■ YOUR ASSIGNMENT
Below is a listing. Set down exactly the lines from the one containing "hrx women power" through the one containing "Swing-Spring Get-Away Car Target Game", both ends included, and leave out the rest.

■ EXTRACTED RECORDS

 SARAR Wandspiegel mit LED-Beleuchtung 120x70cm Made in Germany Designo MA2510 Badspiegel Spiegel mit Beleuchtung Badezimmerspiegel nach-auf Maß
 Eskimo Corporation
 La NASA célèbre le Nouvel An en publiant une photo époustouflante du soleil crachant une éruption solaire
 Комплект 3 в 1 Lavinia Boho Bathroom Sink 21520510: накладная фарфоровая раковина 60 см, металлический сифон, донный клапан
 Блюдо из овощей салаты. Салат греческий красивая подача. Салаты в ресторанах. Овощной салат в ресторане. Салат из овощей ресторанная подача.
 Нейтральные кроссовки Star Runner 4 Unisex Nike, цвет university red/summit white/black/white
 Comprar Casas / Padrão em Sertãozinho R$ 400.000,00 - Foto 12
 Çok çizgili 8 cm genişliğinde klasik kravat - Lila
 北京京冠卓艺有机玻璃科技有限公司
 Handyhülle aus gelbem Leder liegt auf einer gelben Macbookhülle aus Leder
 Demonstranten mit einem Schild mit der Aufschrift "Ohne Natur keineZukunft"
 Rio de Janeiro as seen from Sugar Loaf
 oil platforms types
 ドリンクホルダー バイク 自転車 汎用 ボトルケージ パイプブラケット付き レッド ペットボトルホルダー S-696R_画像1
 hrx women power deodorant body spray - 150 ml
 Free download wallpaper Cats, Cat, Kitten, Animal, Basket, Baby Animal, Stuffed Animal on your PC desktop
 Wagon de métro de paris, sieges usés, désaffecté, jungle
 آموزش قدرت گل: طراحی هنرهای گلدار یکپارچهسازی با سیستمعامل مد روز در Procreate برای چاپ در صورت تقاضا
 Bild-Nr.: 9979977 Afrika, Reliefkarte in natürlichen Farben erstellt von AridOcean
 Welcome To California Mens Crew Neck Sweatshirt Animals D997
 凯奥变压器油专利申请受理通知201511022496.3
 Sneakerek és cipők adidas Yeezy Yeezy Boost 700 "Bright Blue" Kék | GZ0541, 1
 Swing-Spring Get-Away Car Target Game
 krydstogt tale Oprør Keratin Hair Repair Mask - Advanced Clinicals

■ ANSWER SPACE
 hrx women power deodorant body spray - 150 ml
 Free download wallpaper Cats, Cat, Kitten, Animal, Basket, Baby Animal, Stuffed Animal on your PC desktop
 Wagon de métro de paris, sieges usés, désaffecté, jungle
 آموزش قدرت گل: طراحی هنرهای گلدار یکپارچهسازی با سیستمعامل مد روز در Procreate برای چاپ در صورت تقاضا
 Bild-Nr.: 9979977 Afrika, Reliefkarte in natürlichen Farben erstellt von AridOcean
 Welcome To California Mens Crew Neck Sweatshirt Animals D997
 凯奥变压器油专利申请受理通知201511022496.3
 Sneakerek és cipők adidas Yeezy Yeezy Boost 700 "Bright Blue" Kék | GZ0541, 1
 Swing-Spring Get-Away Car Target Game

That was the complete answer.